A particular stretch can resurrect stored trauma you had no idea was there. One student burst into tears in the middle of a class while carefully beginning a hip opening asana. She had broken her pelvis in a car accident years prior but never permitted herself to feel the pain and terror of the wreck. Everyone kept telling her she needed to stay upbeat. She was young and expected to overcome her ‘temporary’ incapacitation with forward thinking, rather than integrating how she almost died. She lay on the yoga mat sobbing, emotionally supported by every student in the class and was able to breathe deeper and differently afterward. She described her physical shift as a new lease on life, due to the release of her ever present anxiety.
We all build anatomical armors to hide our wounds, plastering over scars and vulnerabilities. Somewhere along the line, we begin to realize this emotional constriction no longer protects, but rather inhibits us from moving freely.

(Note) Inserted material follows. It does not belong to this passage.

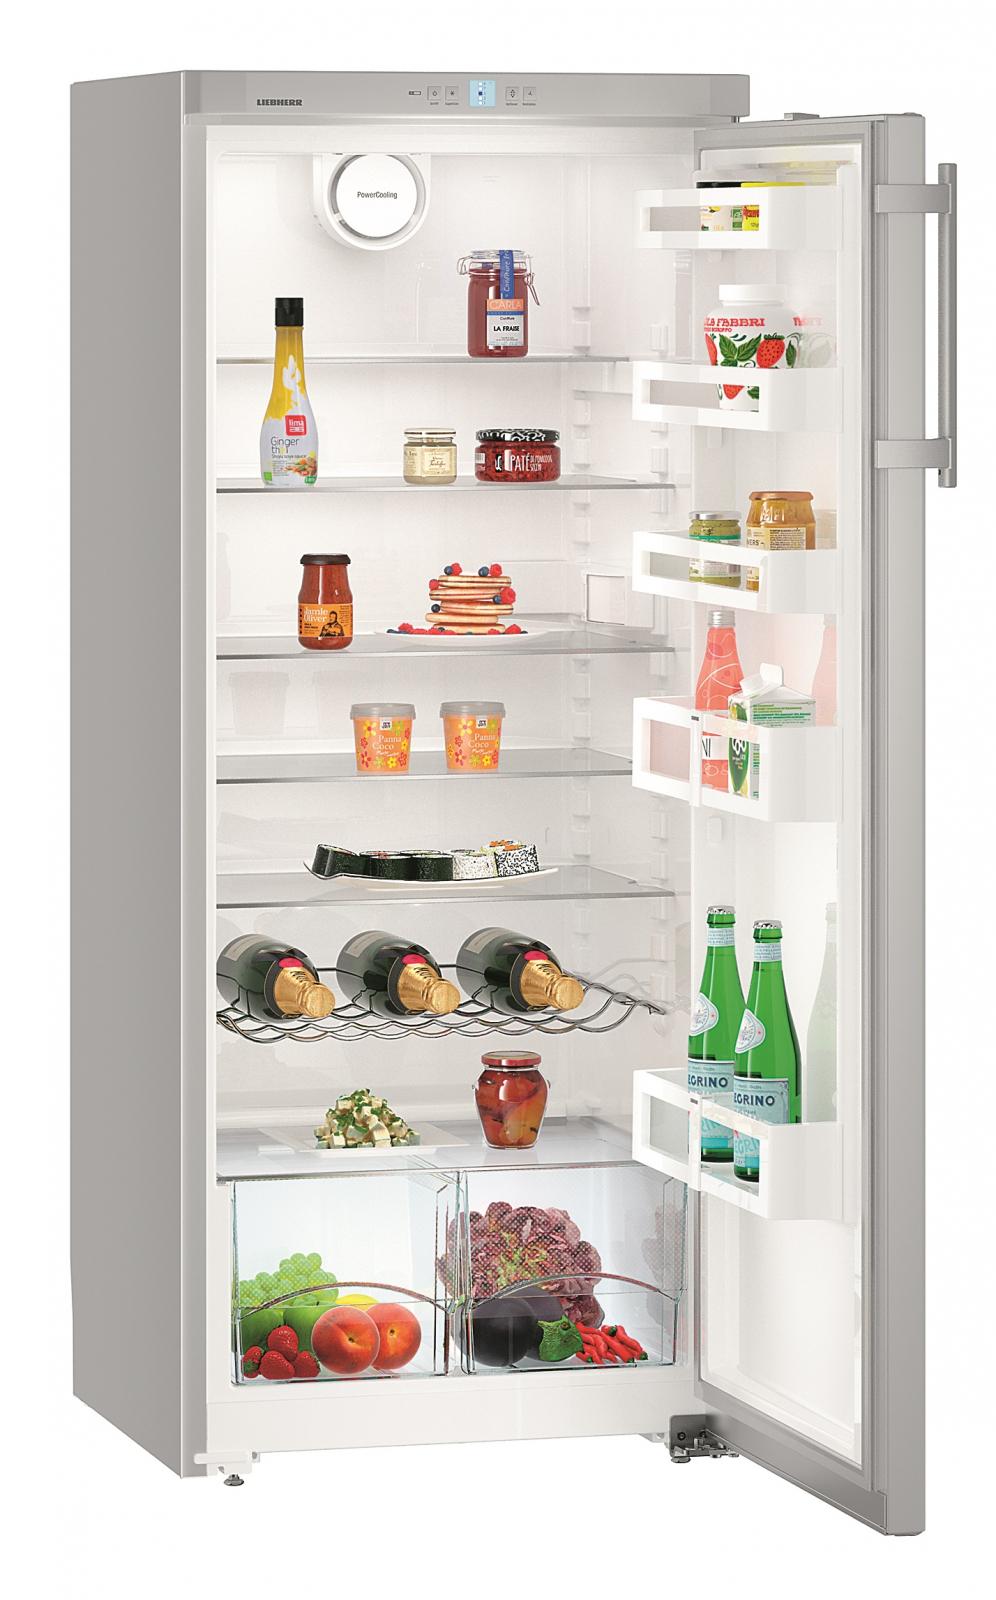 купить Однокамерный холодильник Liebherr Ksl 3130 Украина фото 0

Our bodies are living libraries.
Our connective tissue stores the memories of everything our bodies have experienced. It’s both as simple and complex as that. The simple part of it is that we are naturally wired to retain this relevant information. It’s crucial to our survival that we pay attention to it. The complex part of it involves our mental over ride, naysaying our bodies messaging by choosing the ‘safety’ of logic and linear reasoning. Continual deference to mind over body eventually plays out with a physical price tag.
“That can’t be true or where in the world did that thought come from?”

It’s easy to cultivate greater awareness of your emotional anatomy. Begin with tracking your breathing patterns. Our breath is the key to opening our locks and facilitates recognizing a lack of ease, otherwise known as dis- ease. Where do you hold stress? Gentle inquiry can stimulate a dialogue between your gut and mind. Better yet, bypass your mind and allow yourself to wander where led. Try being still, patient and most of all, listening to what arises. Once your body believes you’re wholeheartedly paying attention to what it has to say, it can unload an overwhelming amount of information. It’s so thrilled it’s no longer being ignored.
Activating and plugging into the guidance our physicality offers can have a positive affect on how you view yourself, as well as others. We’re in danger of losing this internal compass as more of us tune into our devices instead of our bodies.
Holistic recognition of body- mind equality can become a direct route into your heart as well. Our hearts thrive on our inward gaze, glimmering brightly after receiving a dose of your own good medicine.